▶ _TASK TO COMPLETE_
Give the records again, word for word.

▶ _INFORMATION SUPPLIED_
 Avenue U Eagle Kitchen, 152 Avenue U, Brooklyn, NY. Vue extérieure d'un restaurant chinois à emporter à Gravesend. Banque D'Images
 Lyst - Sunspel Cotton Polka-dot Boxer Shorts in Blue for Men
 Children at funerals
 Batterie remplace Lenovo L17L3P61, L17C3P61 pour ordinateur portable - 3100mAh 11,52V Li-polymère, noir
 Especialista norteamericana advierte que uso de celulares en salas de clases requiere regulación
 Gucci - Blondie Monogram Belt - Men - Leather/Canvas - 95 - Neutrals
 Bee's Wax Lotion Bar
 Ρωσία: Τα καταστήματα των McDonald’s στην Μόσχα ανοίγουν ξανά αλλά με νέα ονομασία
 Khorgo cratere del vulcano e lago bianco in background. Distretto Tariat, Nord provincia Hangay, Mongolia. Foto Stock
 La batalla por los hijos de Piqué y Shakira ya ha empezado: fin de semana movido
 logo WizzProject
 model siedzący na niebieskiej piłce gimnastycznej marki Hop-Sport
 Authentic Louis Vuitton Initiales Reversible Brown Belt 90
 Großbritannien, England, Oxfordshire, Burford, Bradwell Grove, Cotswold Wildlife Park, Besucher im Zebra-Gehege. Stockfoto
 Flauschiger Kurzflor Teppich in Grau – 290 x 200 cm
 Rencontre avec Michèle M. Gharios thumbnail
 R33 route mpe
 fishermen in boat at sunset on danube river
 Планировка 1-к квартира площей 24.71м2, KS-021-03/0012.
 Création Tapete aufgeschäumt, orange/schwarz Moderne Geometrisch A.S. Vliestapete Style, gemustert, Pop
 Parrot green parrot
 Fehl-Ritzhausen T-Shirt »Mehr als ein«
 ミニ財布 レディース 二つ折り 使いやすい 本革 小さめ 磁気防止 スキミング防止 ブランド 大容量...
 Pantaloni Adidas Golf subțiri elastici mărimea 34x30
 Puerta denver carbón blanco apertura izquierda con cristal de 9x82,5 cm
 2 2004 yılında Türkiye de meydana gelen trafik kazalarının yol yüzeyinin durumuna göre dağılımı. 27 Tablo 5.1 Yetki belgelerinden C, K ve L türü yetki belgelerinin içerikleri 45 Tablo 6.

▶ _SOLUTION TO THE PROBLEM_
 Avenue U Eagle Kitchen, 152 Avenue U, Brooklyn, NY. Vue extérieure d'un restaurant chinois à emporter à Gravesend. Banque D'Images
 Lyst - Sunspel Cotton Polka-dot Boxer Shorts in Blue for Men
 Children at funerals
 Batterie remplace Lenovo L17L3P61, L17C3P61 pour ordinateur portable - 3100mAh 11,52V Li-polymère, noir
 Especialista norteamericana advierte que uso de celulares en salas de clases requiere regulación
 Gucci - Blondie Monogram Belt - Men - Leather/Canvas - 95 - Neutrals
 Bee's Wax Lotion Bar
 Ρωσία: Τα καταστήματα των McDonald’s στην Μόσχα ανοίγουν ξανά αλλά με νέα ονομασία
 Khorgo cratere del vulcano e lago bianco in background. Distretto Tariat, Nord provincia Hangay, Mongolia. Foto Stock
 La batalla por los hijos de Piqué y Shakira ya ha empezado: fin de semana movido
 logo WizzProject
 model siedzący na niebieskiej piłce gimnastycznej marki Hop-Sport
 Authentic Louis Vuitton Initiales Reversible Brown Belt 90
 Großbritannien, England, Oxfordshire, Burford, Bradwell Grove, Cotswold Wildlife Park, Besucher im Zebra-Gehege. Stockfoto
 Flauschiger Kurzflor Teppich in Grau – 290 x 200 cm
 Rencontre avec Michèle M. Gharios thumbnail
 R33 route mpe
 fishermen in boat at sunset on danube river
 Планировка 1-к квартира площей 24.71м2, KS-021-03/0012.
 Création Tapete aufgeschäumt, orange/schwarz Moderne Geometrisch A.S. Vliestapete Style, gemustert, Pop
 Parrot green parrot
 Fehl-Ritzhausen T-Shirt »Mehr als ein«
 ミニ財布 レディース 二つ折り 使いやすい 本革 小さめ 磁気防止 スキミング防止 ブランド 大容量...
 Pantaloni Adidas Golf subțiri elastici mărimea 34x30
 Puerta denver carbón blanco apertura izquierda con cristal de 9x82,5 cm
 2 2004 yılında Türkiye de meydana gelen trafik kazalarının yol yüzeyinin durumuna göre dağılımı. 27 Tablo 5.1 Yetki belgelerinden C, K ve L türü yetki belgelerinin içerikleri 45 Tablo 6.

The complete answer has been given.